A recent memory unfolded of Ted and the artist having breakfast on the balcony of the artist’s apartment as spring advanced and illness progressed. They discussed the auction of the artist’s first painting; the artist insisted on buying it back even at ruinous cost, joking that artists should die poor. Ted protested and confessed he feared life without the artist, while the artist pressed Ted to decide what he would do with his “one wild and precious life” and urged Ted to live after he died.
Scenes from their final months together showed Ted nursing the artist through coughing and vomiting, their shared laughter, pranks like an indoor water-balloon mishap, and the artist’s wish that Ted be happy after his death. The artist occasionally mistook Ted for Joar upon waking, revealing lingering longing and history.
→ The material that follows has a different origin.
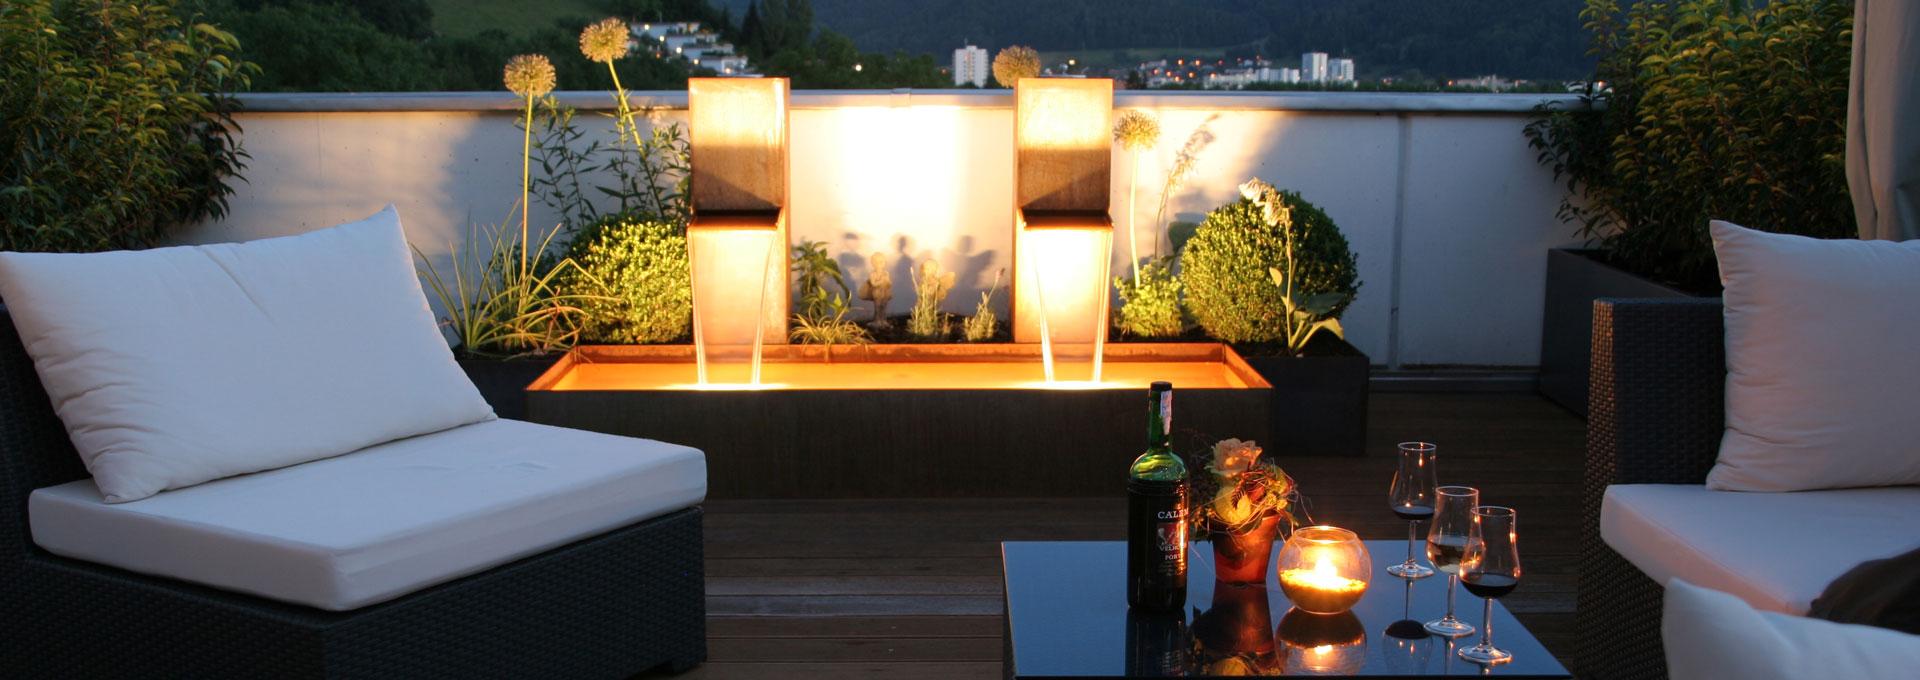 gartensitzplatz und gartenlounge. Black Bedroom Furniture Sets. Home Design Ideas

The artist kept his illness private, saying dying is the last private thing, and savored ordinary joys with Ted.
The narrative then recounted the origin and legacy of the pier painting from the boys’ fifteenth summer and the divergent paths after autumn funerals. The artist was discovered, admitted to a prestigious school, and moved away, phoning Ted through panic and grief. He traveled the world at Ted’s urging, found his voice, and sent back work that astonished teachers and patrons, launching sudden fame that soon overwhelmed him.
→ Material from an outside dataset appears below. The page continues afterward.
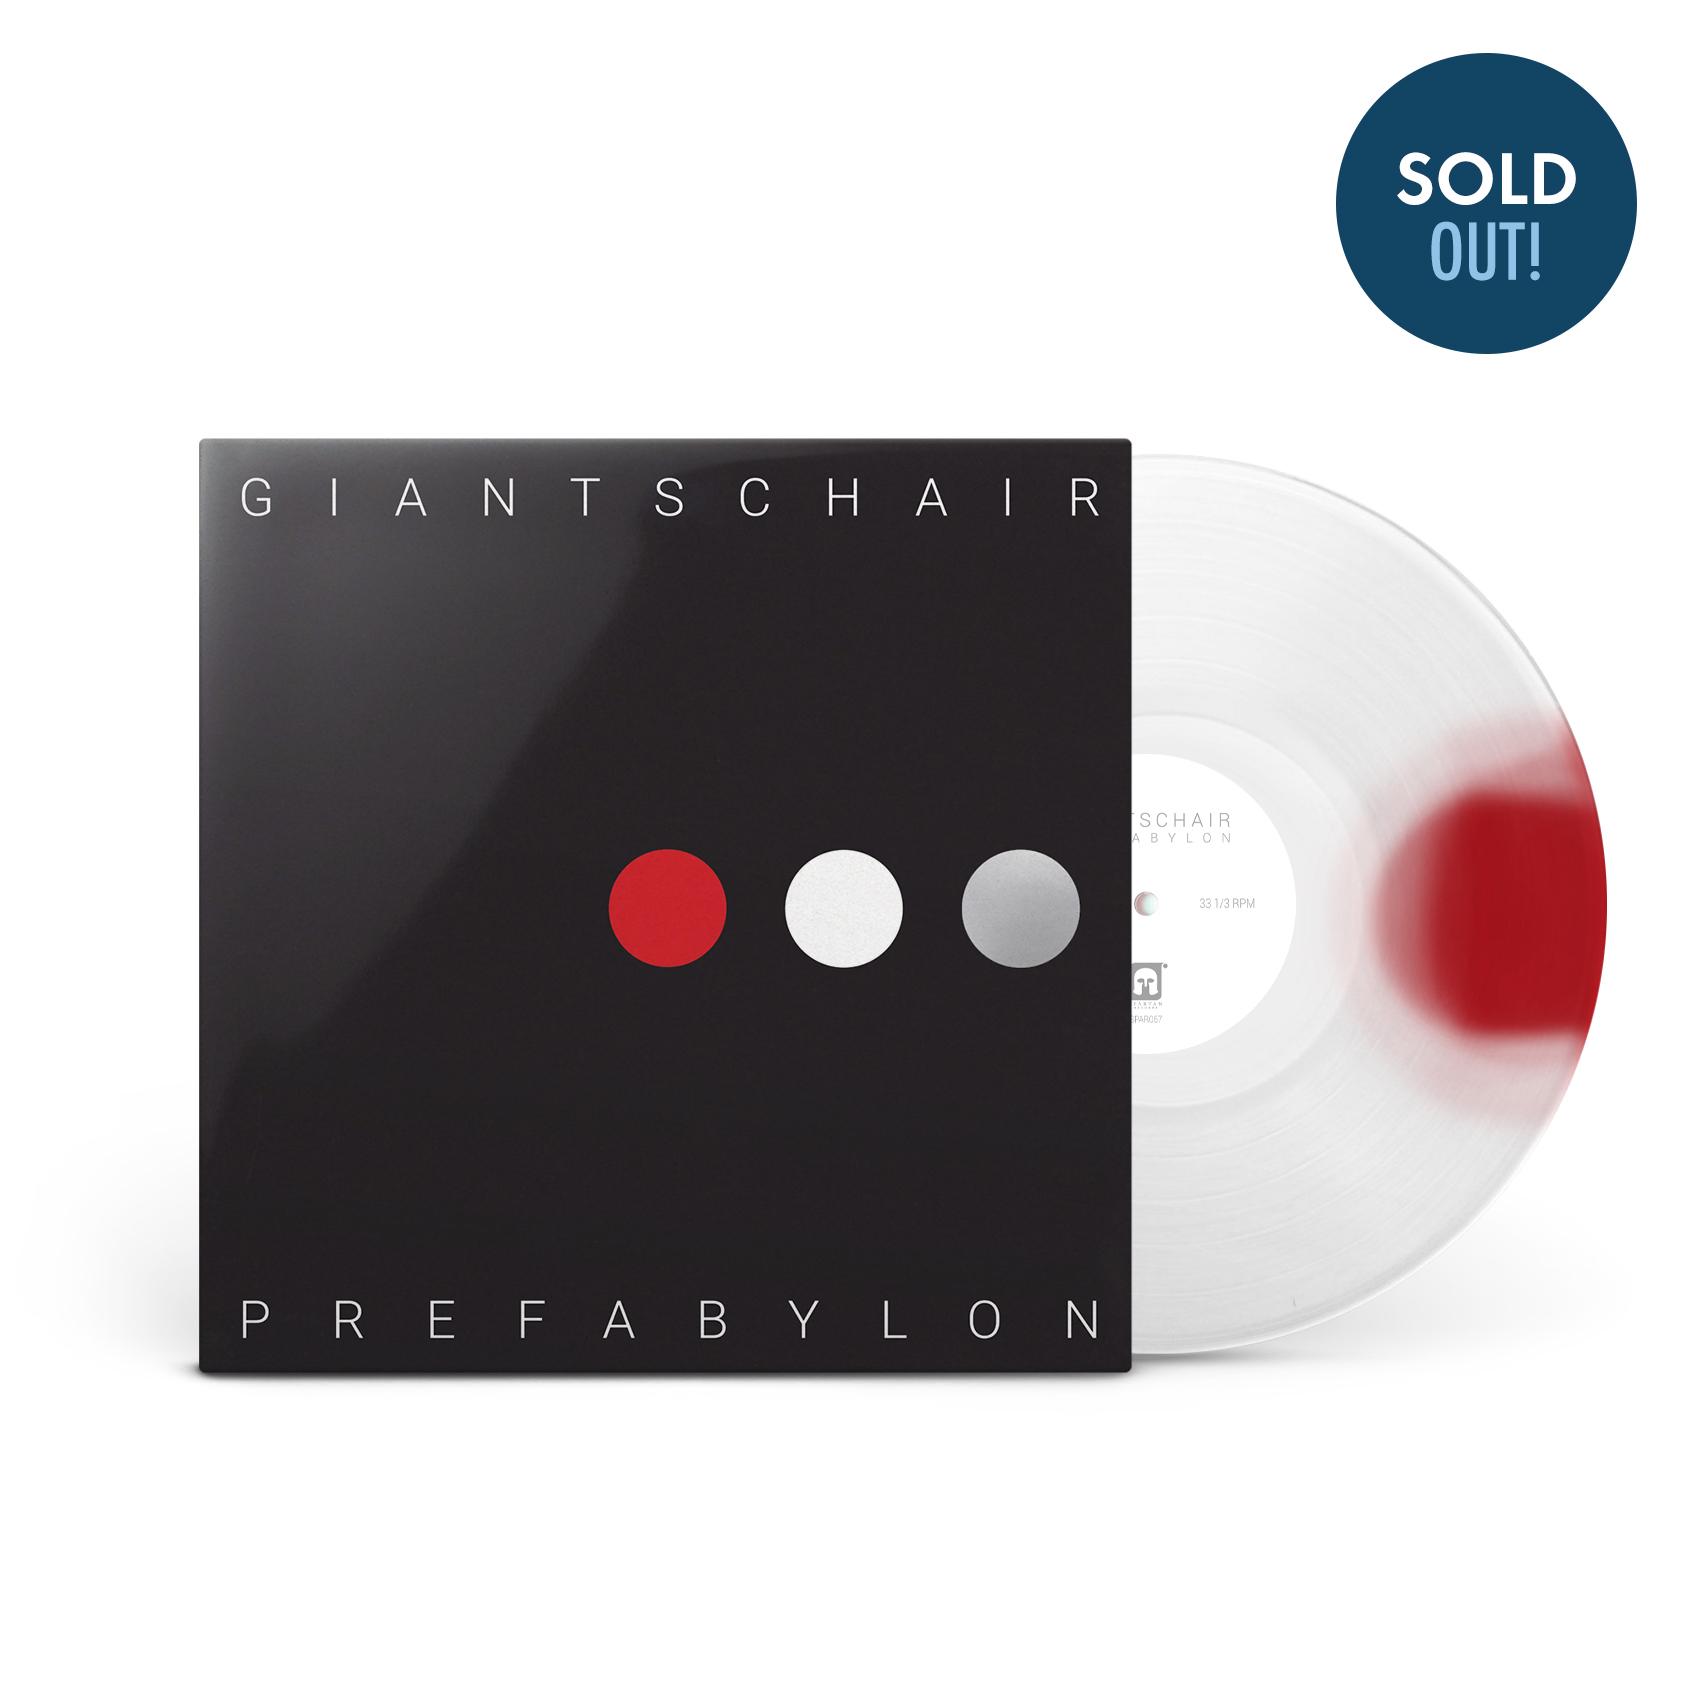 Giants Chair - Prefabylon

As fame intensified, the artist was increasingly observed rather than allowed to observe, developed dependence on pills, and lived in anxious isolation, his unfinished works becoming most coveted. He spiraled until nearly drowning while drunk at thirty-seven, prompting Ted—who hated travel and big cities—to move in. With Ted, the artist regained balance for a time; they cooked, danced, and read poetry until illness struck and Ted stayed to care for him.
Near the end, Ted read poems by Bodil Malmsten, Joan Didion, and Maya Angelou at the bedside, and woke to find the artist holding his fingers. Despite a doctor’s warning not to travel before Easter, Ted helped the artist liquidate his belongings, traveled to the auction, bought back the painting, and behind the church the artist met Louisa.
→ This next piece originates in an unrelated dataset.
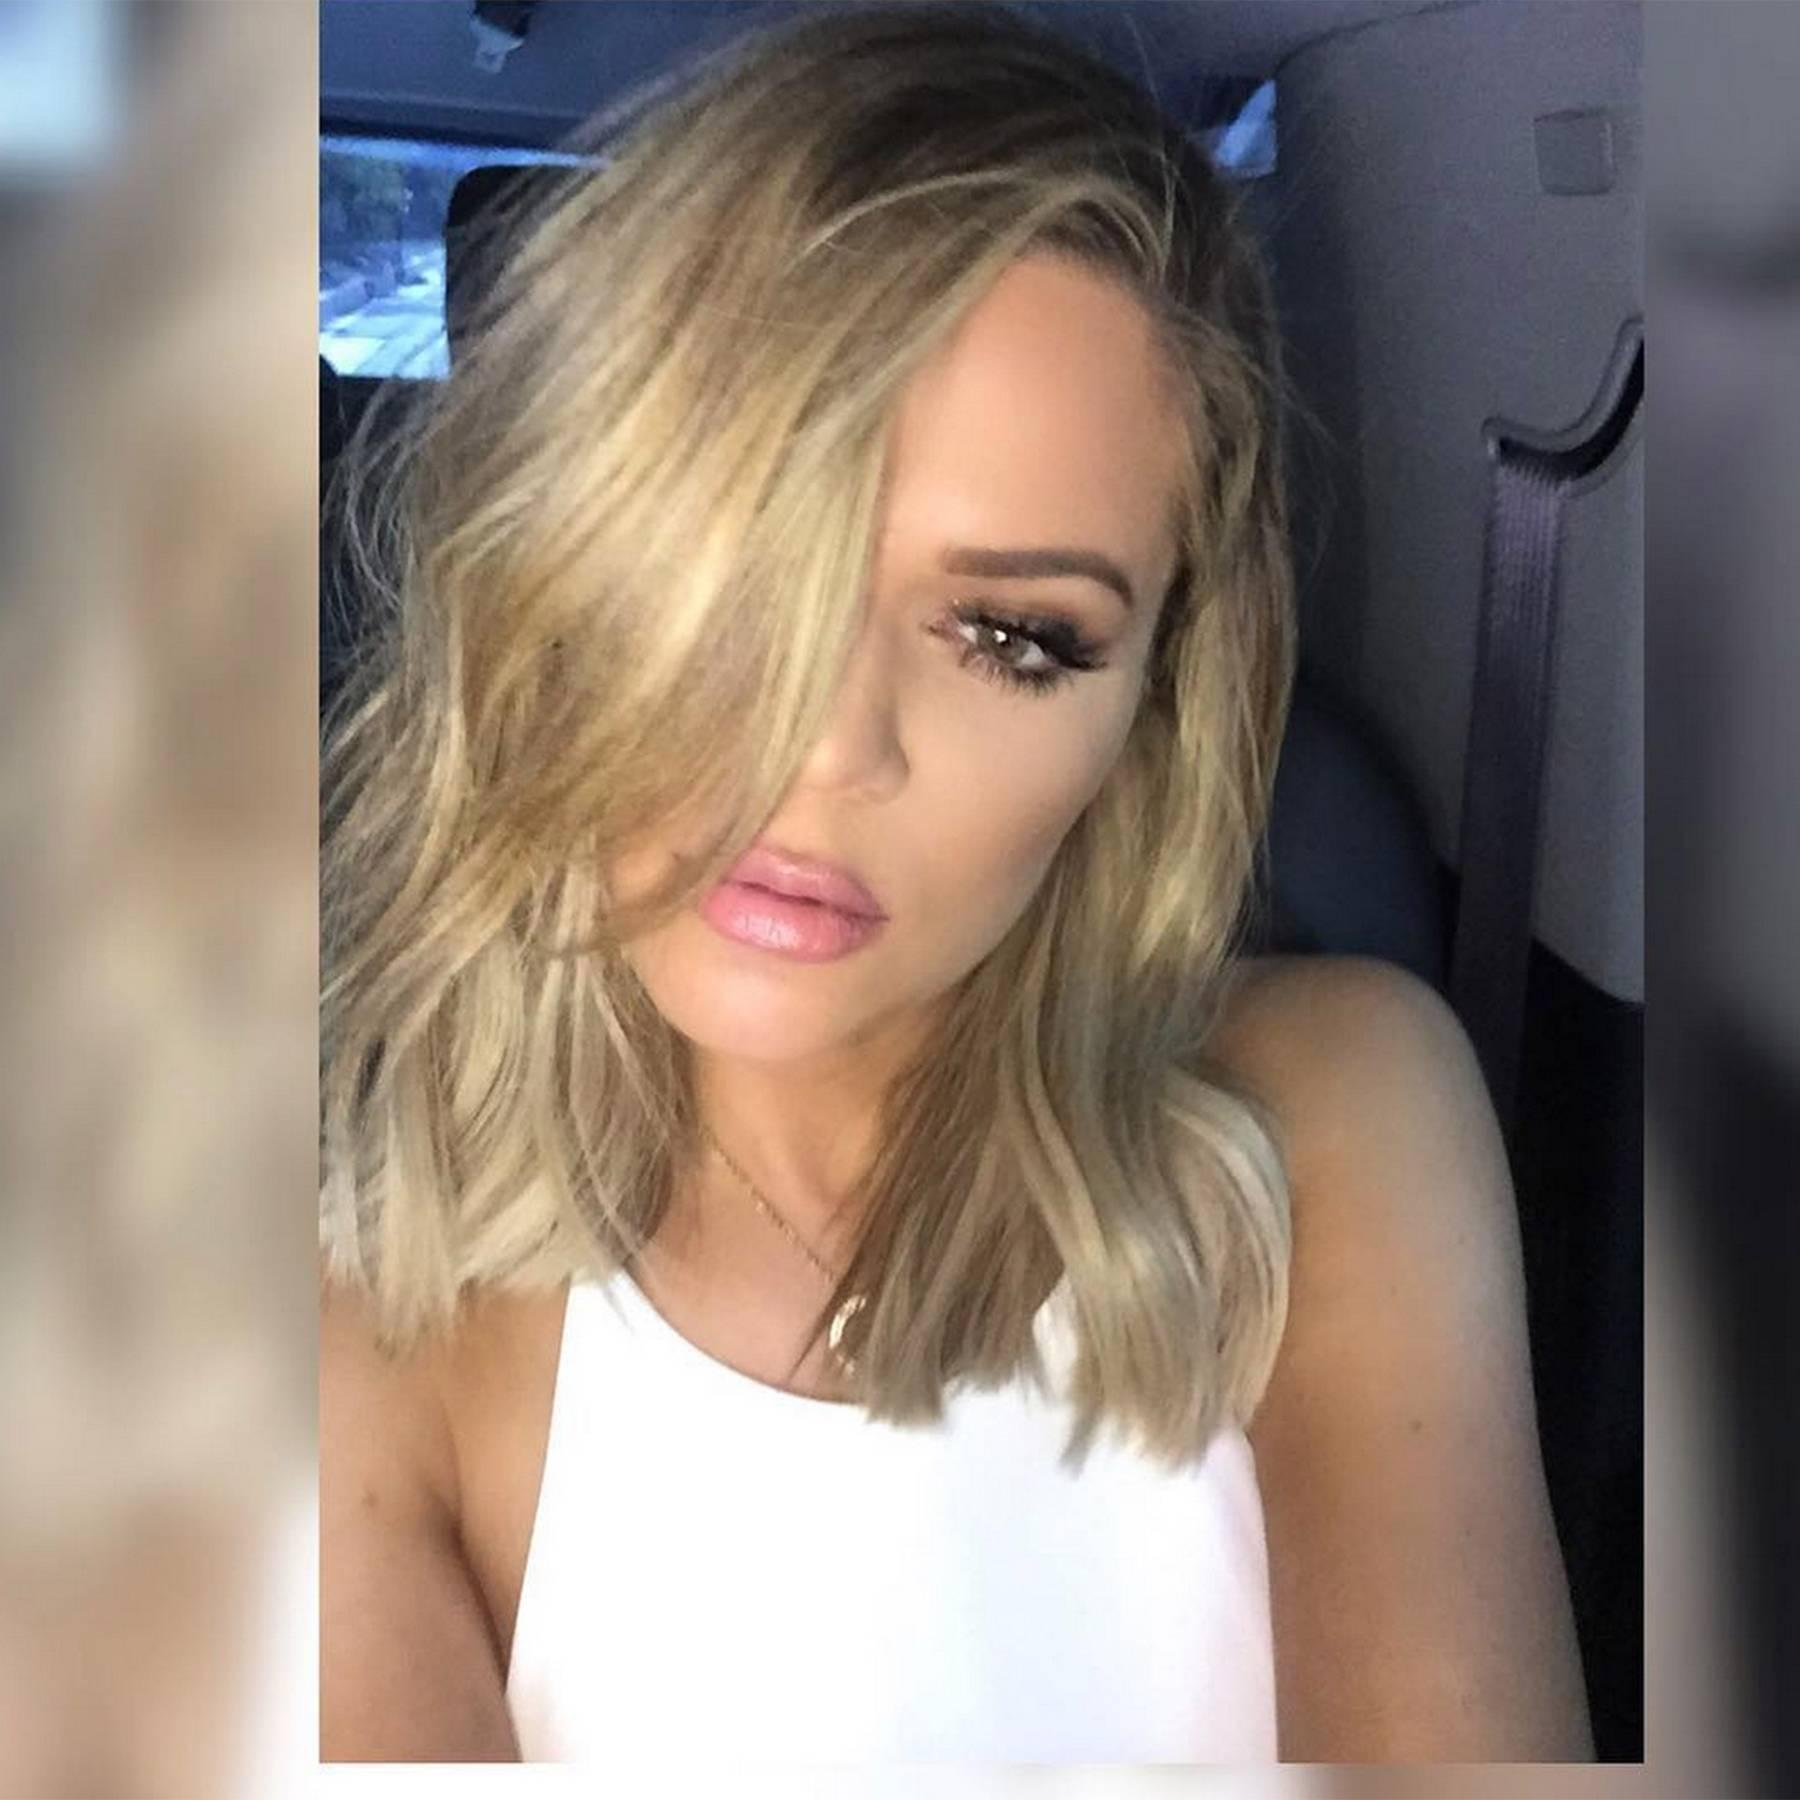 Khloe Kardashian Bob Hairstyle Pictures 2017 Glamour Uk

Returning to the present, Ted sat on the train with the ashes, the painting, and Louisa, concluding again that this journey was a spectacularly bad idea, worse even than Joar’s infamous “socks in the toaster” mishap.
Who Appears
- Ted
narrator/protagonist; caretaker and lifelong friend of the artist; recalls their history, buys back the painting, reads poetry at the artist’s bedside, and now travels by train with the ashes, the painting, and Louisa.
- The artist (C. Jat)
Ted’s best friend; recalls Mary Oliver’s poem, becomes famous then overwhelmed, is cared for by Ted, buys back his first painting, meets Louisa behind the church, and dies shortly after.
- Louisa
teenager traveling with Ted; present beside him on the train with the ashes and painting.
- Joar
Ted and the artist’s childhood friend; absent but remembered (socks in toaster anecdote); the artist calls out for Joar near the end of his life.
- Doctor
the artist’s physician; advises against travel before Easter, advice that is ignored.
- Poets and writers (Mary Oliver, Bodil Malmsten, Joan Didion, Maya Angelou)
quoted/read by Ted and the artist; frame their reflections on grief and purpose.